Optimization Strategies
1. Pre-compute wire lookups ✅ Implemented
struct NodeExecInfo {
audio_inputs: Vec<NodeIndex>, // Which nodes feed this one
param_mods: Vec<(NodeIndex, usize, f32, f32)>, // (from, param, base, scale)
}Built once when graph structure changes via build_exec_info().
2. Control-rate parameter updates ✅ Implemented
graph.set_control_rate(64); // Update params every 64 samplesDefault effect constructors use control rate 64 (~1.5ms at 44.1kHz).

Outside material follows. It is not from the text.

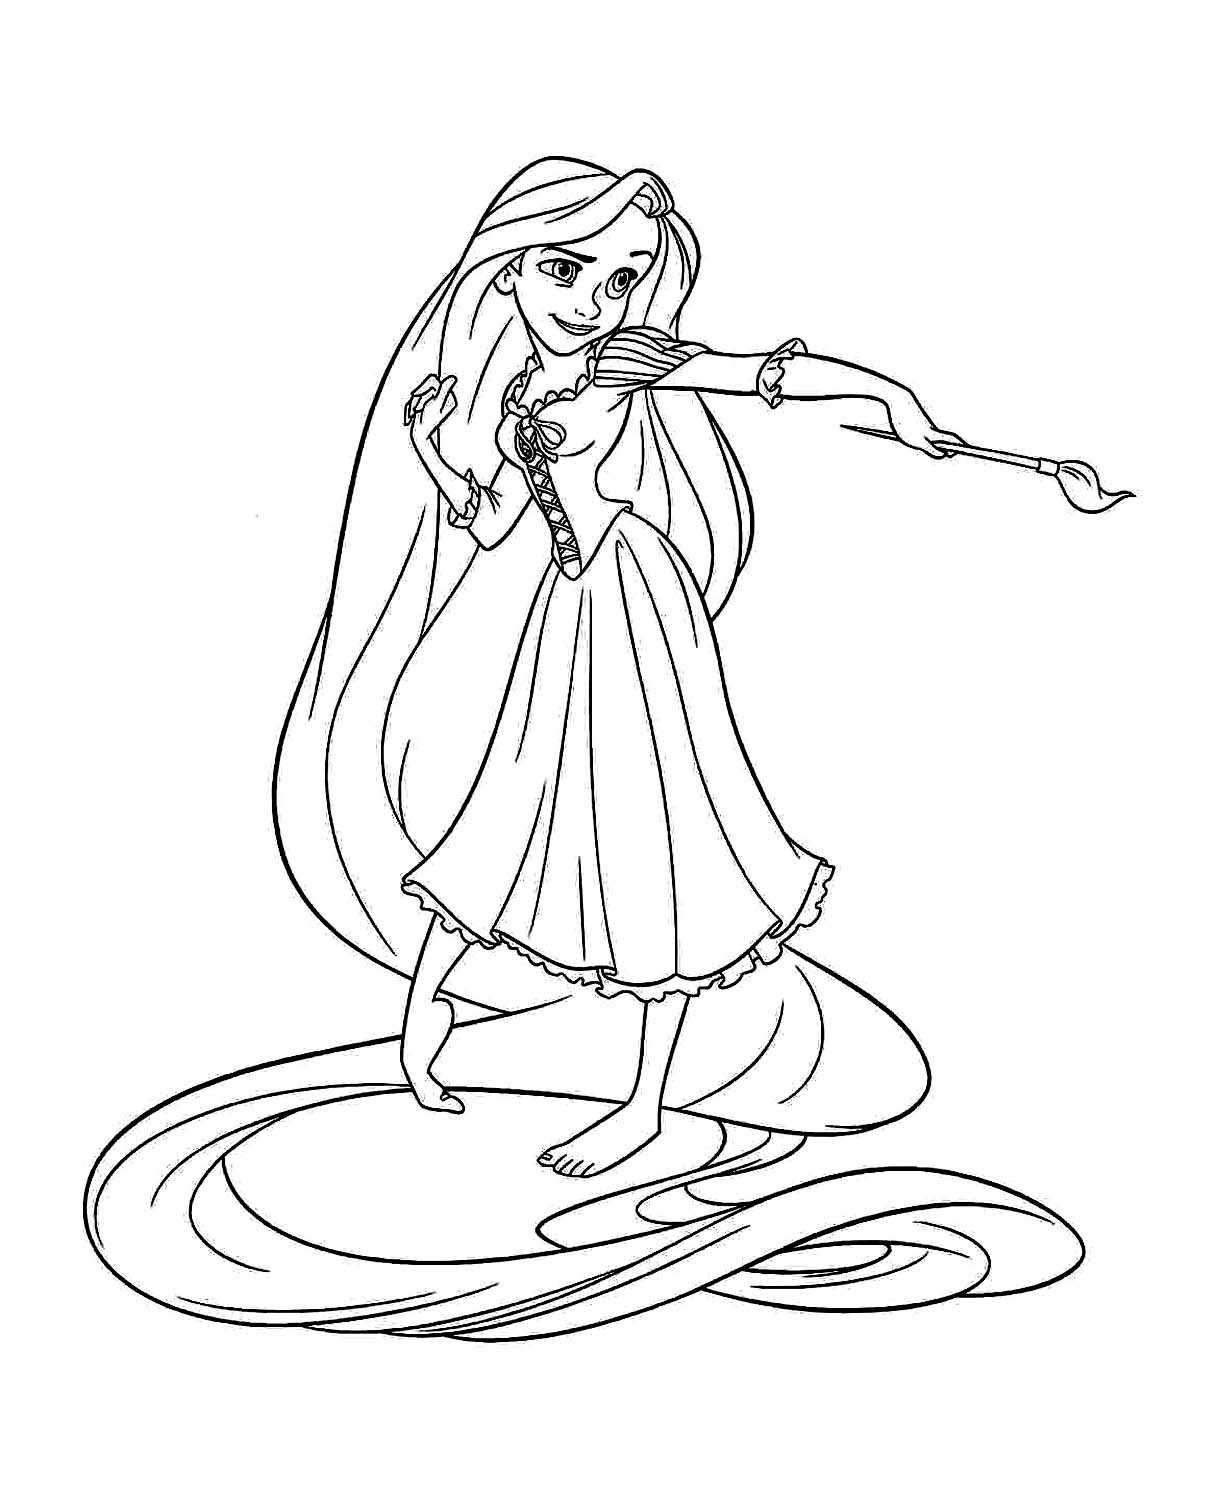 tangled-for-kids-tangled-kids-coloring-pages

Why Tier 2 Beats Hand-Written Structs
Counterintuitively, pattern-matched optimized structs (Tier 2) are faster than the original hand-written effect structs:
| Effect | Original Struct | Tier 2 Optimized | Improvement |
|---|---|---|---|
| Tremolo | 189 µs | 175 µs | 8% faster |
| Chorus | 735 µs | 611 µs | 17% faster |
| Flanger | 754 µs | 647 µs | 14% faster |
Root cause: algebraic simplification.
The original AmplitudeMod (tremolo) does this per sample:
let lfo_val = self.lfo.sine_uni(); // = sine() * 0.5 + 0.5
let mod_amount = 1.0 - self.depth * lfo_val;
input * mod_amount
// 5 ops after sine: *0.5, +0.5, *depth, 1.0-, *inputThe optimized TremoloOptimized pre-computes constants:
let lfo_out = self.lfo.sine();
let gain = self.base + lfo_out * self.scale; // base/scale computed once
input * gain
// 3 ops after sine: *scale, +base, *inputSaving 2 FLOPs per sample × 44,100 samples/sec = 88,200 fewer operations/sec.
Implication for codegen: Real codegen should perform:
- Constant folding (pre-compute what's known at graph construction)

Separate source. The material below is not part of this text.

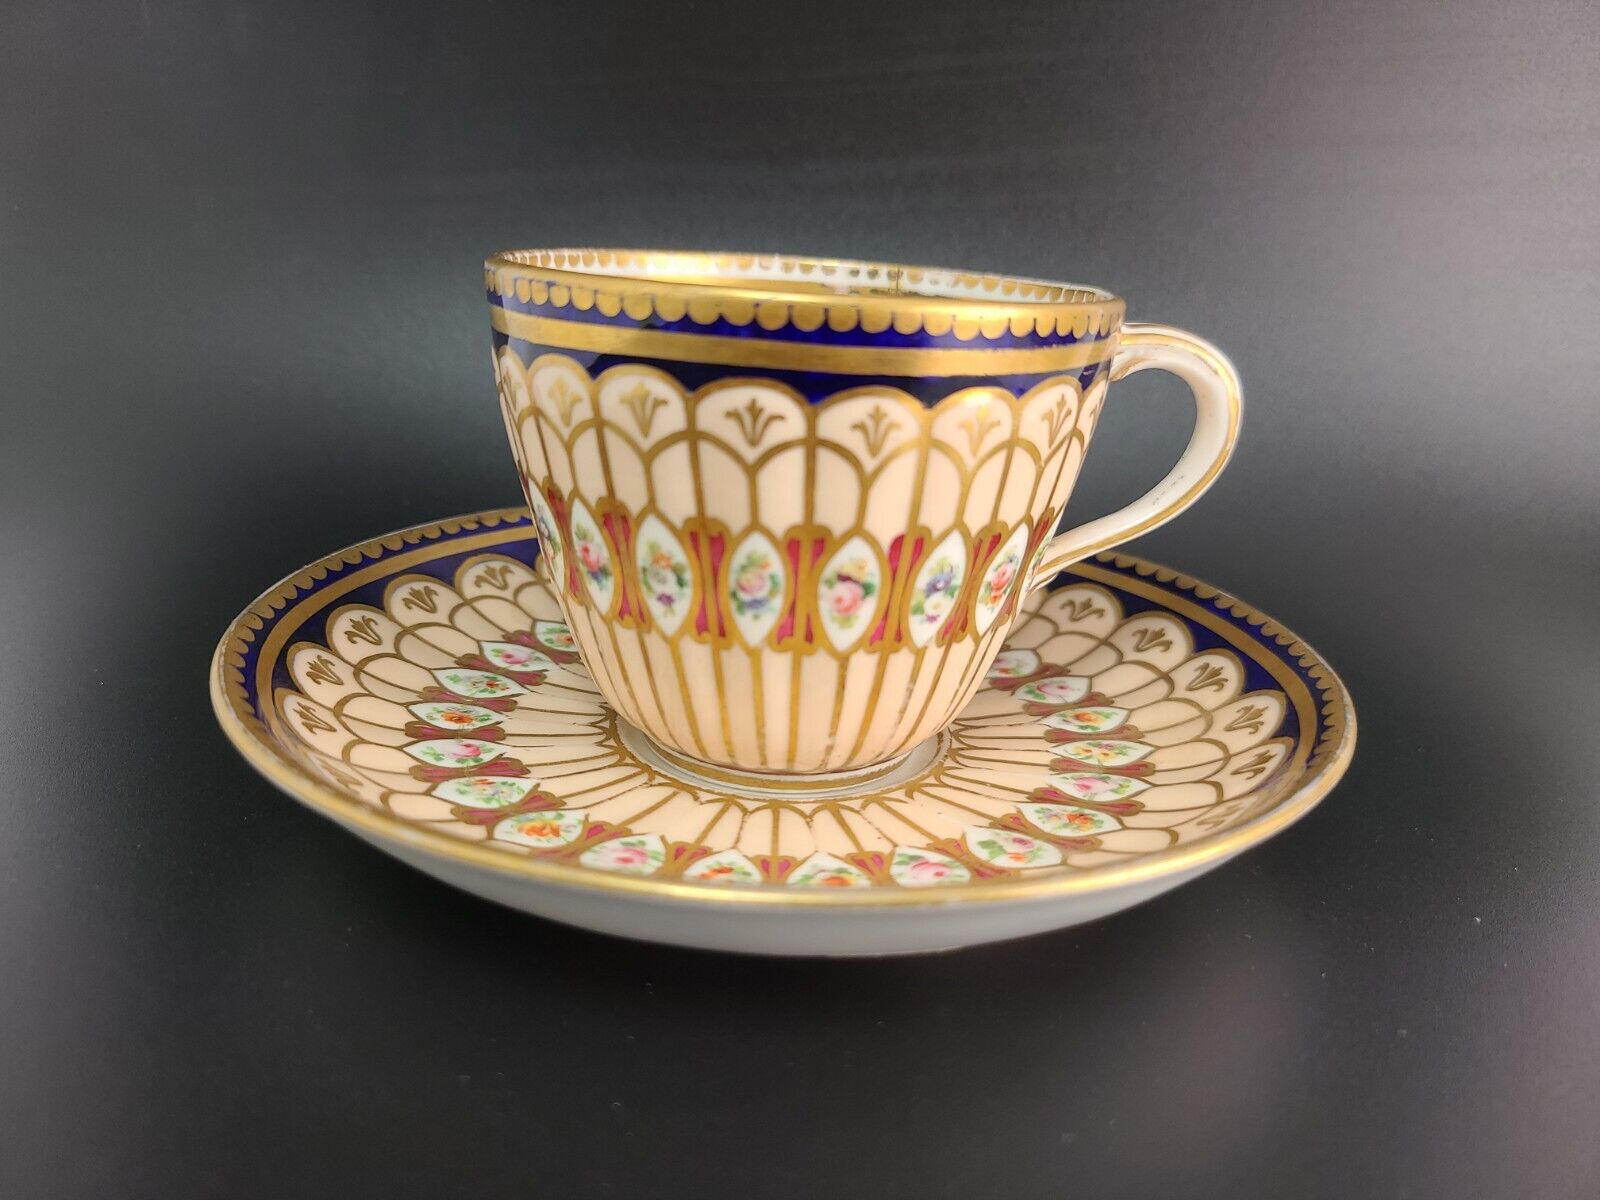 Rare 18th Century London Tea Cup And Soucer gold plated broken cup, hand Painted

- Algebraic simplification (eliminate redundant conversions)
- Dead code elimination (remove unused paths)
3. Monomorphization / code generation (not implemented) For small fixed graphs, generate specialized code that inlines the graph structure. Options:
- Proc macro at compile time
- Cranelift JIT at runtime (see below)
4. SIMD batching (not implemented) Process N samples at once, amortizing per-node overhead.
Cranelift JIT Consideration
Cranelift could JIT-compile graph configurations into native code, eliminating:
- Wire iteration (baked into generated code)
- Dynamic dispatch (concrete function calls)
- set_param overhead (params computed inline)
Pros:
- Near-zero overhead for any graph configuration
- Users get composition-level performance without writing Rust
- Graph changes trigger recompilation (acceptable for effect design, not live modulation)
Cons:
- Significant complexity (cranelift dependency, IR generation)
- Compile latency when graph changes (~1-10ms typical)
- Platform support considerations (cranelift targets)
- Debugging JIT code is harder
Verdict: Worth exploring if simpler optimizations don't close the gap. Start with pre-computed wire lookups.
Acceptable Overhead?
For context, 1.6ms to process 1 second of audio = 0.16% CPU at real-time rate. Even the slowest graph version (chorus at 1.6ms) is well under real-time requirements.
However, effects are often chained. A chain of 10 graph-based effects at 2x overhead could matter. And the principle of "graph should be as fast as hardcoded" is worth pursuing.
Performance Tiers
Four compilation tiers offer different tradeoffs:
| Tier | Feature | Overhead | Flexibility | Complexity |
|---|---|---|---|---|
| 1. Dynamic graph | default | ~1.3-3x | Full runtime flexibility | Low |
| 2. Pattern matching | optimize | ~0% (faster than concrete!) | Common idioms | Low |
| 3. Cranelift JIT | cranelift | ~0-5% | Runtime flexibility | High |
| 4. Build.rs codegen | codegen module | ~0-7% | Compile-time only | Low |
Tier 1: Dynamic AudioGraph (default)
The default. Graphs are built at runtime, nodes are boxed trait objects.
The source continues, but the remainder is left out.